Problem requirements:
In the entries below, begin at the line that has "Kenya's Rudisha aims" and stop after the line that has "Superioridad trabajo Con"; output those lines exactly, leaving out pictures.

Provided data:
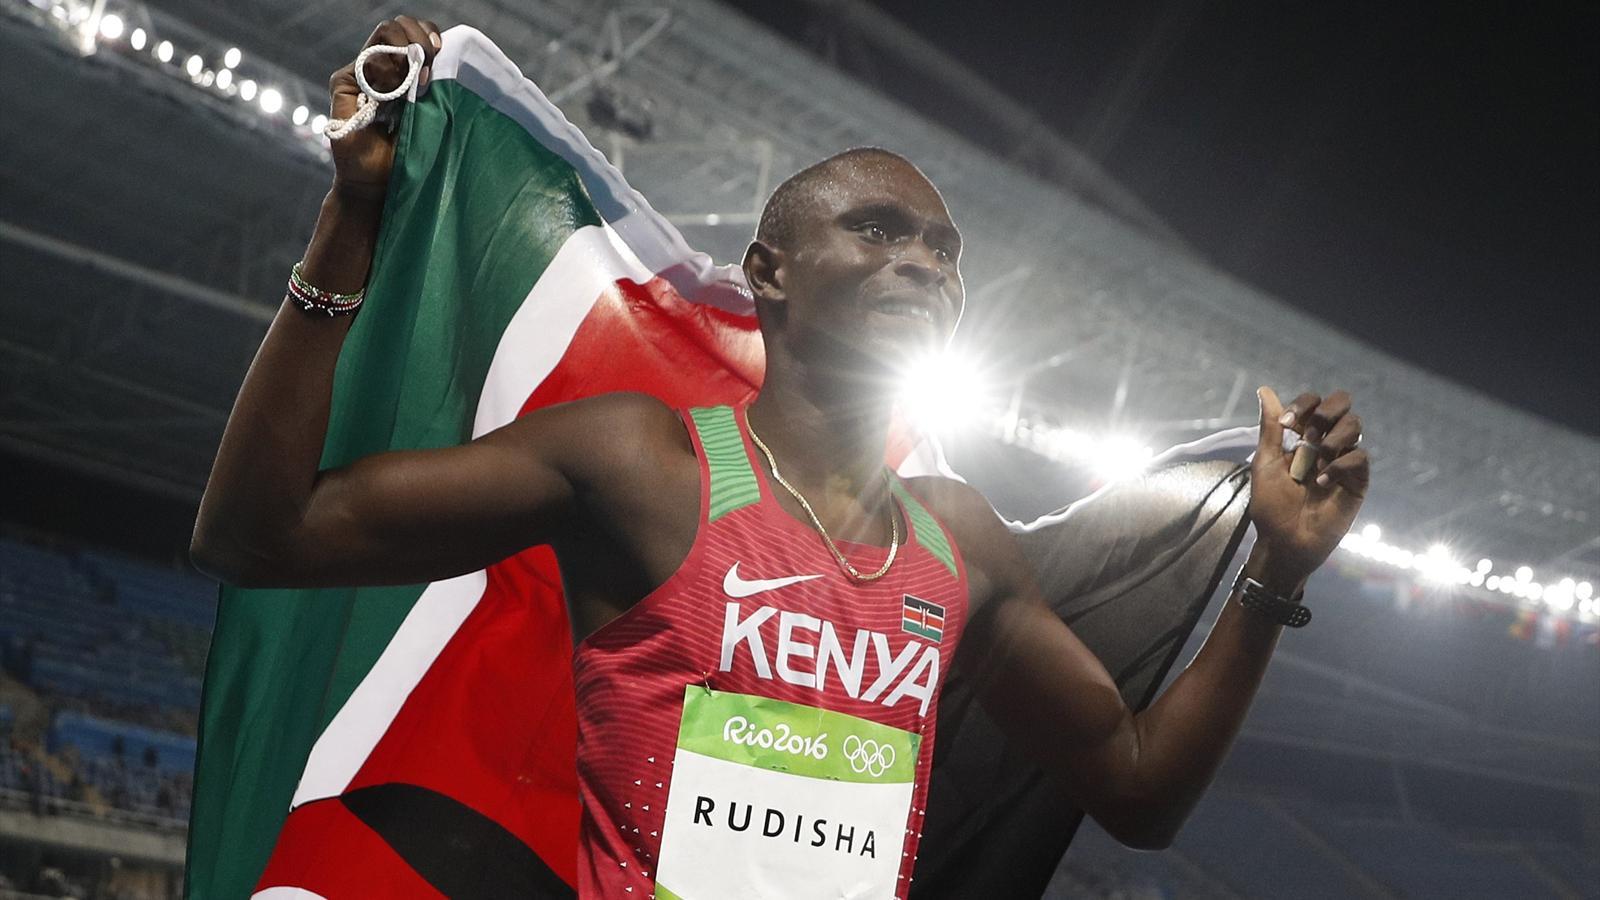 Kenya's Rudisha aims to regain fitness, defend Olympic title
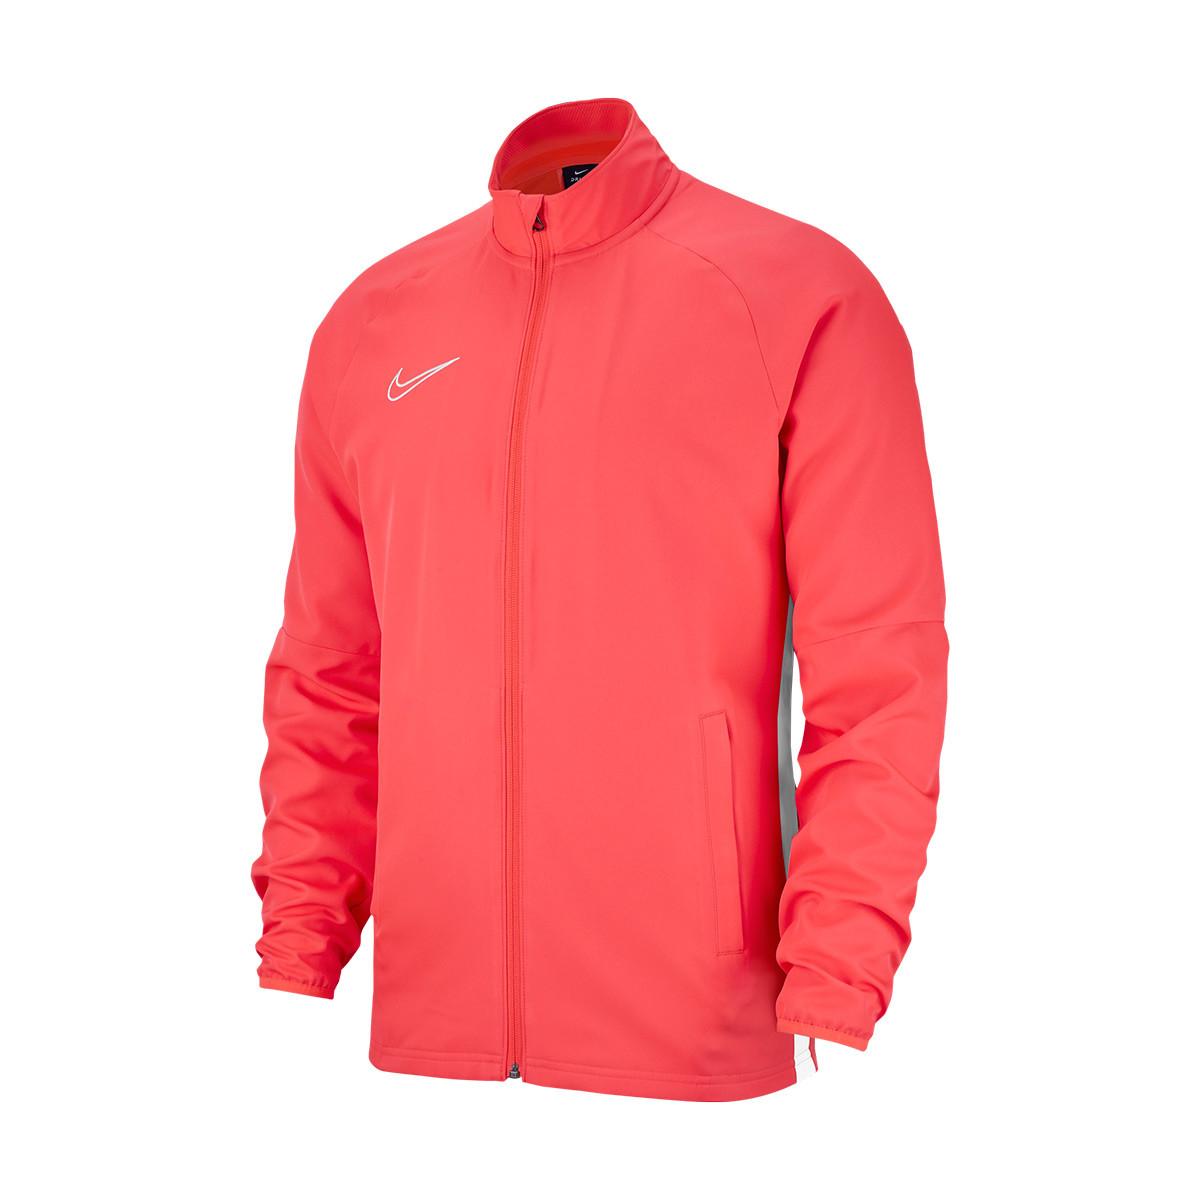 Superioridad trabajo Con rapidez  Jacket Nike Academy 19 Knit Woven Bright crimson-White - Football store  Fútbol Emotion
--
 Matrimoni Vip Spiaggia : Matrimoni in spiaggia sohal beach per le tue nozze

Worked solution:
 Kenya's Rudisha aims to regain fitness, defend Olympic title
 Superioridad trabajo Con rapidez  Jacket Nike Academy 19 Knit Woven Bright crimson-White - Football store  Fútbol Emotion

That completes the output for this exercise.